Akhirnya, sejak Oktober 2006, di antara warga korban dari berbagai desa tersebut sudah mulai terbangun komunikasi dan koordinasi secara informal, namun perjuangan warga korban masih tetap dilakukan secara sektoral berdasarkan wilayah desa masing-masing. Sebagaimana yang dikemukakan oleh KH sebagai berikut:

“...Maka saat muncul wacana cash and carry, nah terus kita godog berapa keinginan warga untuk mendapatkan ganti rugi, macem-macem keinginan warga, jadi kita rapat dan sebagainya, apa namanya ada yang minta ini itu dan sebagainya, tapi kemudian kita sama-sama akhirnya sekitar bulan Oktober-Nopember 2006 kita sama-sama dengan desa lain, intinya warga di desa lain juga menginginkan hal sama dengan kelurahan Jatirejo, yaitu ingin pindah dari desa dan kemudian wacananya hampir sama minta cash and carry, itulah kemudian yang kita lakukan secara sektoral tapi kita terkoordinasi, tapi belum bentuk kelompok, masih istilahnya terkotak-kotak dalam bingkai-bingkai desa, tetapi kita punya satu tujuan ingin mendapatkan suatu ganti rugi secara cash and carry. Nah itu sudah mulai kita perjuangkan secara sama-sama...”. (Rekapan wawancara dengan KH: Sabtu, 6 April 2013)205

Dengan demikian, sampai dengan bulan Oktober-Nopember 2006 warga korban lumpur Lapindo belum membentuk organisasi (kelompok) gerakan sosial. Perjuangan masih bersifat sporadis dan sektoral berdasarkan wilayah desa masing-masing, namun diantara mereka sudah terdapat kesamaan tuntutan dan sudah dibangun koordinasi lintas desa.

Pada tanggal 23 Juni 2007, didampingi oleh tokoh budayawan Cak Nun (Emha Ainun Najib), 12 perwakilan warga dari tujuh kelompok desa atau wilayah yang terkena genangan lumpur Lapindo, yakni; Desa Jatirejo, Desa Siring, Desa Renokenongo, Desa Kedungbendi, Desa Kalitengah, Desa Ketapang, dan Perumahan Tanggul Angin Sejahtera (Perum TAS), kemudian menghadap Presiden di Istana Negara. Perwakilan warga kemudian menjelaskan tentang situasi dan kondisi semburan dan genangan lumpur, serta

apa yang menjadi keinginan warga korban kepada Presiden SBY. Menurut KH, setelah mendapat penjelasan dari perwakilan warga korban, Presiden baru mengerti persoalan yang sebenarnya. Setelah itu kemudian Presiden mengambil keputusan untuk berkantor di Sidoarjo, tepatnya di Bandar Juanda Surabaya, selama tiga hari dari hari Senin sampai Rabu, tanggal 24-25 Juni 2007 untuk menyelesaiakn persoalan lumpur lapindo.

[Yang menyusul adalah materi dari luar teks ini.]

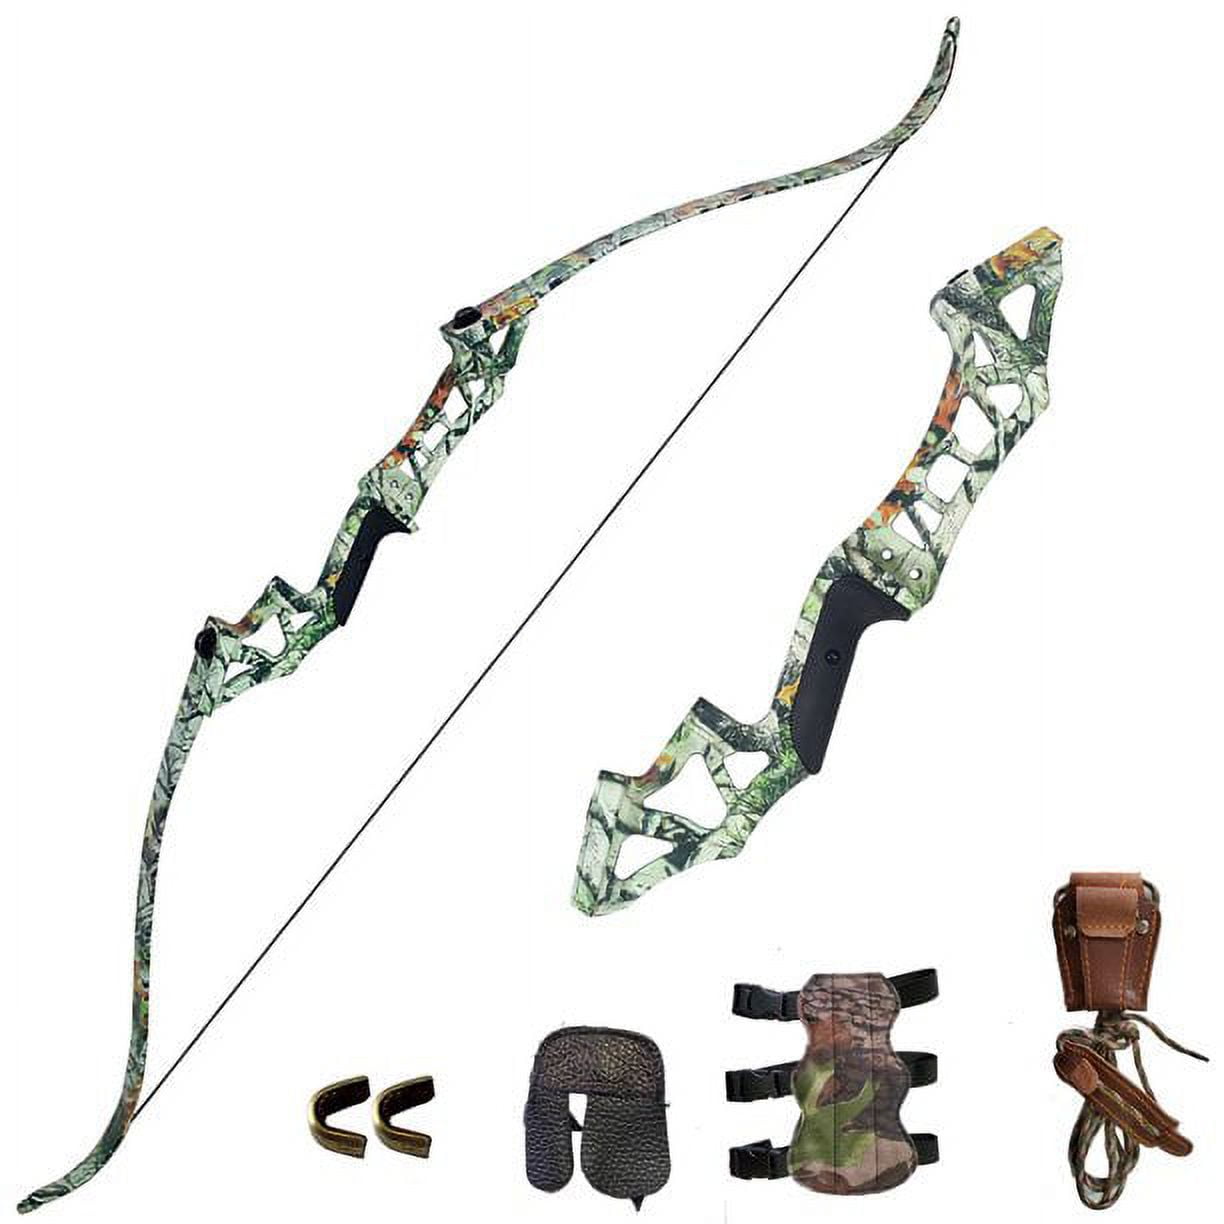 60 60lbs Black Metal Riser Recurve Bow for Outdoor Hunting

“Di dampingi Cak Nun, yang tadi saya ceritakan Cak Nun pake sandal itu. Nah disitu kemudian kita baru tahu bahwa pak SBY sebenarnya tidak paham bener tentang lumpur. Karena kita sudah apa namanya, ada juru bicara-juru bicara yang menceritakan masalah kondisi sosial, kondisi masyarakat, dan lain sebagainya. Pak SBY baru “Ngeh”, dan kemudian beliau setelah peristiwa itu, itu kan hari Minggu, besoknya itu ke Surabaya dan berkantor selama tiga hari di Juanda itu. Itulah yang kemudian perintah pak SBY untuk segera memberikan pembayaran kepada warga”. (Kutipan wawancara dengan KH: Sabtu, 6 April 2013)206 Ketika kelompok warga korban ini menghadap Presiden di Istana Negara, mereka masih mengatasnamakan warga korban dari desanya masing-masing. Belum terbentuk kelompok/organisasi gerakan sosial korban lumpur Lapindo.

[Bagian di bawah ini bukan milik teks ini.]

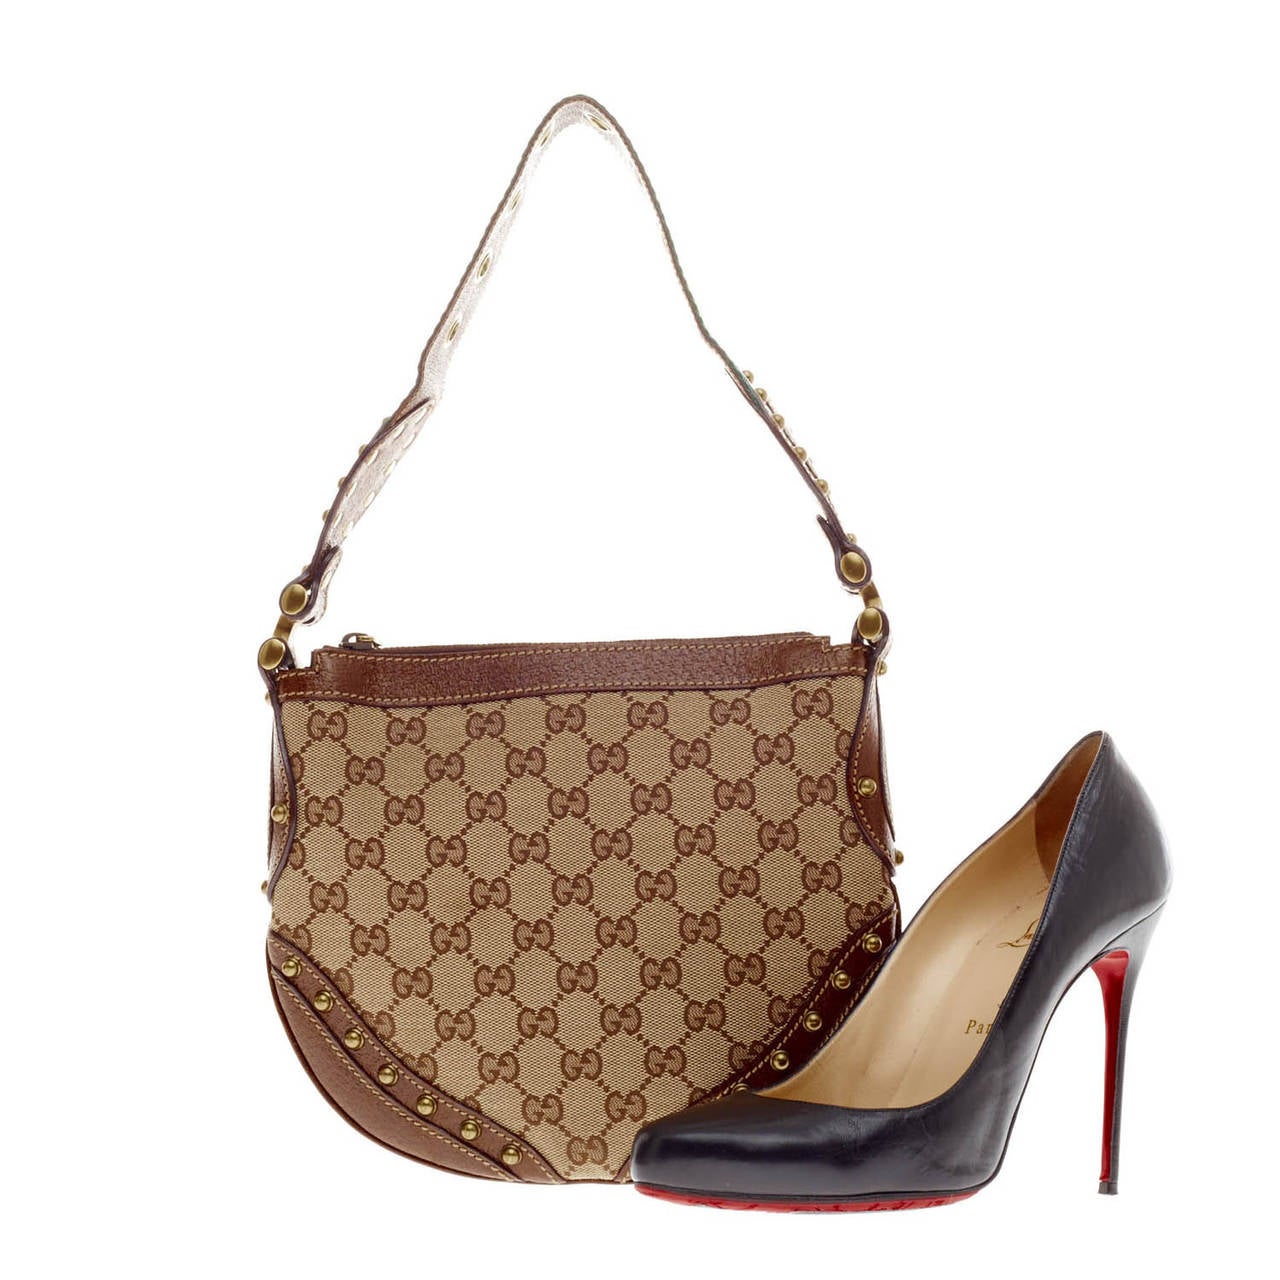 This authentic Gucci Pelham Hobo Studded Canvas in Small is the perfect, compact flat hobo to carry by your side. This western-inspired saddle bag is constructed with the brand's classic GG monogram print, and accented with brown leather trims and

Pada tahap ini, korban bencana Lumpur Lapindo belum melakukan mobilisasi sumberdaya finansial. Dana diperoleh dari iuran pribadi para pemimpin lokal masing-masing desa dengan sebagian dukungan dana dari pihak LSM, seperti dari komunitas “Bambang Wetan” pimpinan Cak Nun (Emha Ainun Najib).